Acylium ions, [RCO]⁺ : Peak Heights and Stability

Ions with the positive charge on the carbon of a carbonyl group, C=O, are also relatively stable. This is fairly clearly seen in the mass spectra of ketones like pentan-3-one.

The base peak, at m/z=57, is due to the [CH₃CH₂CO]⁺ ion. We've already discussed the fragmentation that produces this.

Using mass spectra to distinguish between compounds

Suppose you had to suggest a way of distinguishing between pentan-2-one and pentan-3-one using their mass spectra.

pentan-2-one		CH3COCH2CH2CH3
pentan-3-one		CH3CH2COCH2CH3

Each of these is likely to split to produce ions with a positive charge on the CO group. In the pentan-2-one case, there are two different ions like this:

• [CH₃CO]⁺
• [COCH₂CH₂CH₃]⁺

That would give you strong lines at m/z = 43 and 71. With pentan-3-one, you would only get one ion of this kind:

• [CH₃CH₂CO]⁺

In that case, you would get a strong line at 57. You don't need to worry about the other lines in the spectra - the 43, 57 and 71 lines give you plenty of difference between the two.
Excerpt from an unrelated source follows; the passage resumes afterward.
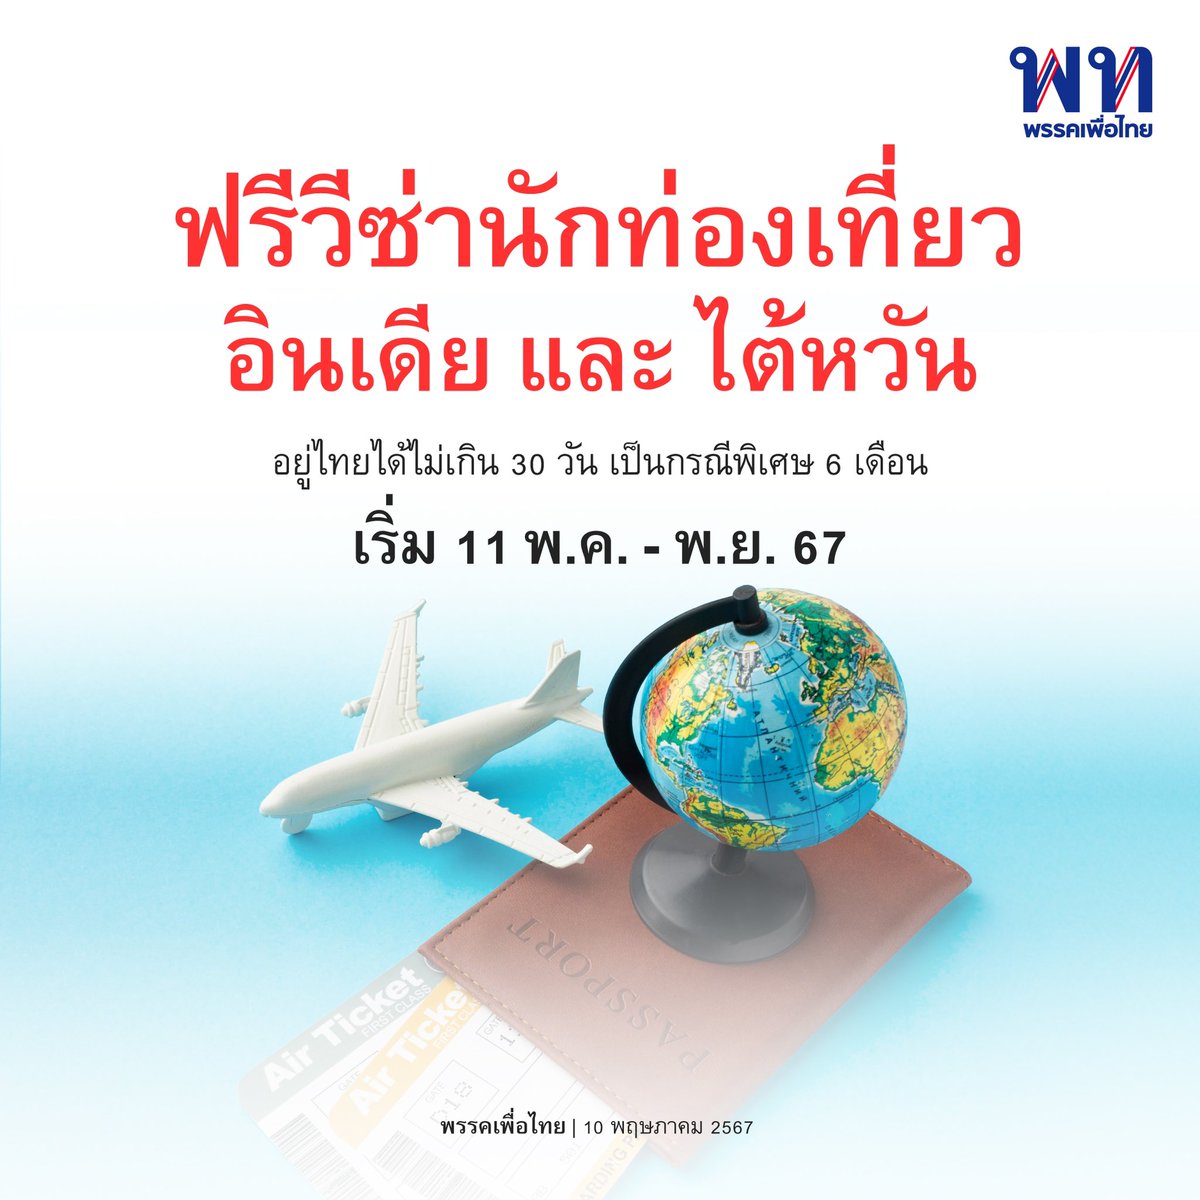 • ฟรีวีซ่านักท่องเที่ยวอินเดีย ไต้หวัน อยู่ไทย 30 วันได้ 6 เดือน จนถึงพฤศจิกายนนี้ • 

10 พฤษภาคม 2567 เว็บไซต์ราชกิจจานุเบกษา ได้เผยแพร่ ประกาศกระทรวงมหาดไทย เรื่อง กำหนดรายชื่อประเทศที่ผู้ถือหนังสือเดินทางหรือเอกสารใช้แทนหนังสือเดินทาง ซึ่งเข้ามาในราชอาณาจักรเป็นการชั่วคราว

The 43 and 71 lines are missing from the pentan-3-one spectrum, and the 57 line is missing from the pentan-2-one one.

The two mass spectra look like this:

As you've seen, the mass spectrum of even very similar organic compounds will be quite different because of the different fragmentation patterns that can occur. Provided you have a computer data base of mass spectra, any unknown spectrum can be computer analyzed and simply matched against the data base.